There is nothing like a drab hotel restaurant. It can be a most depressing sight. And smell. That tired, humid, warm-food-that-went-cold-at-the-train-station-buffet-type smell. Tatty chairs, tattier curtains and not much of a view other than the noisy food delivery bay.
Desolate, inevitably empty other than the sad guy reading an old newspaper, awaiting his culinary execution in the form of solid scrambled eggs or cold cuts. And that is at breakfast rush hour. Dinner? Well, the Gobi can seem more hospitable and crowded and with a better chance at healthy or tasty protein consumption.
But that was then and The Grill at The Dorchester is now. There has been a trend, a momentum even, perhaps as much as a momentous shift in the revamping, revolutionising of hotels’ own restaurants (as opposed to the big-name chefs who are brought in), more often than not known as the Grill at Some Grand Palace Hotel.

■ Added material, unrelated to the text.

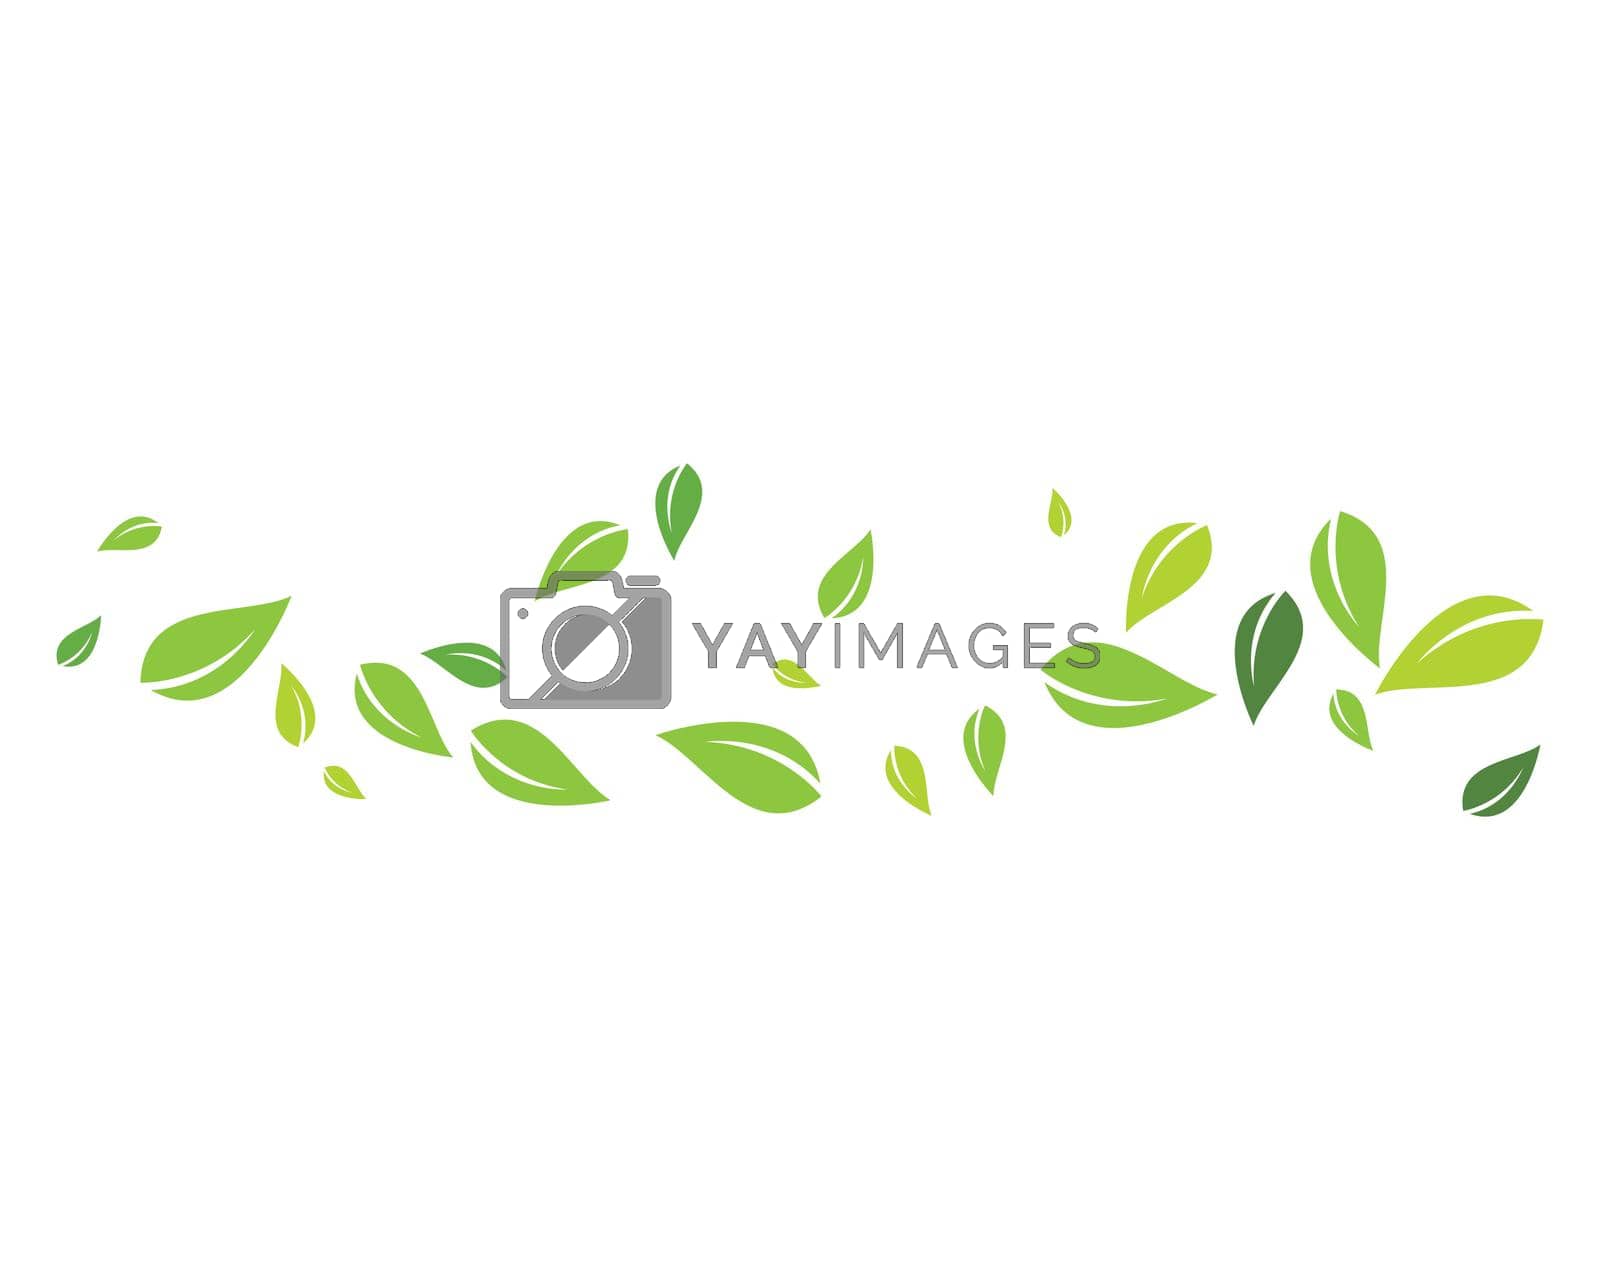 Royalty free image of green leaf background by awk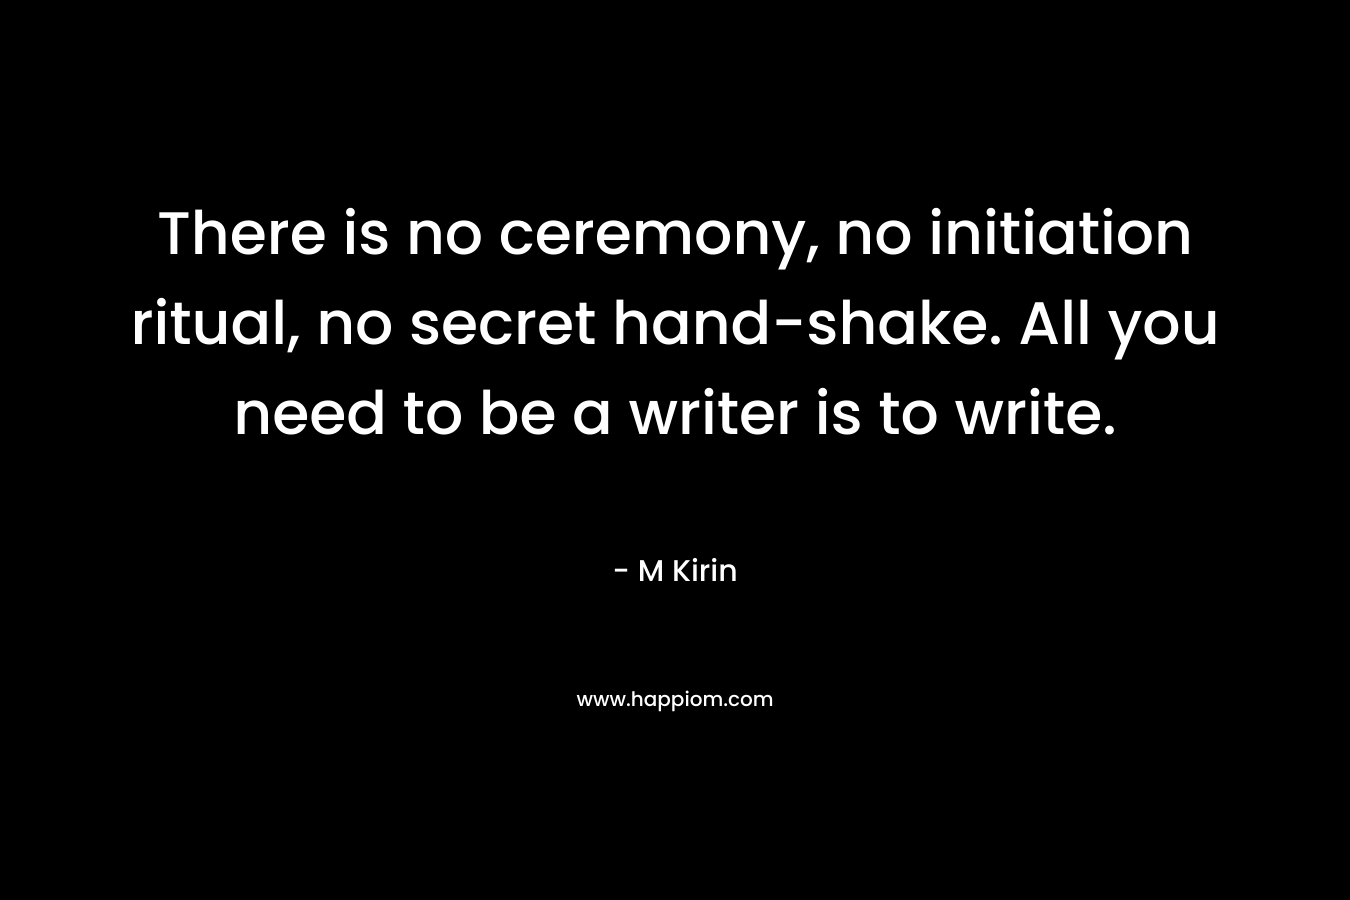 There is no ceremony, no initiation ritual, no secret hand-shake. All you need to be a writer is to write. – M Kirin

These invaluable assets have been left to gather dust for far too long and finally hotel owners have realised that those big old rooms are wasted as are. And finally in their slow-on-the-uptake way they have given up on trying to house gimmicky food adventures or spas or more shops nobody buys anything in.
They have looked to their own past glories and realised that these used to be the fulcrum of their business, the epicentre of the cities they inhabited. They /were/ the city, they made the city. The buzz, the fuss, see and be seen, love, intrigue, espionage and menages-à-trois all mingled and mashed at The Grill.
So as with the proverbial bus, they are finally all at it at once, particularly here in London. And as of now you can visit the latest in this trend, and to my mind one of the best, perhaps even the best, so far, The Grill at The Dorchester. I say ‘perhaps’ only because I need to pay it a more anonymous visit before I can bestow the full accolade.
Not that I am famous, but others in our gathering were and that may have had some distorting factor, but I doubt it – not when Alain Ducasse is involved, with his protégé Christophe Marleix running the pass and the rest of what already seemed a well-oiled team and their excellent waiters. I absolutely loved the décor and the fact that the pass is right there, but you don’t feel it is yet another ‘open kitchen’ gimmick.
The colours are warm and enticing, helping the room feel cosier, smaller than most grand hotel dining spaces are. Use every inch, said the accountant. Non merci, said Alain. Good on him and the designer Bruno Moinard for winning that argument.
The food was delightfully light and sophisticated without seeming overbearing or over-complex as I might have feared. It isn’t jumping on the minimalist wagon, staying true to some of Ducasse’s tenets and spirit. Fabulous ingredients are presented simply, beautifully but most of all recognisably.
As a consequence, you don’t feel you have to make a ‘trip of it’ type of dinner. Yes it is at The Dorchester and you might want to spruce up a bit, but that is not such a bad thing and your Angel Wife, if you have one, won’t begrudge you for it either. But it is easy enough to make it a new regular delight rather than a very occasional treat, and that is finally what The Grill should be. And what the others may wish they were.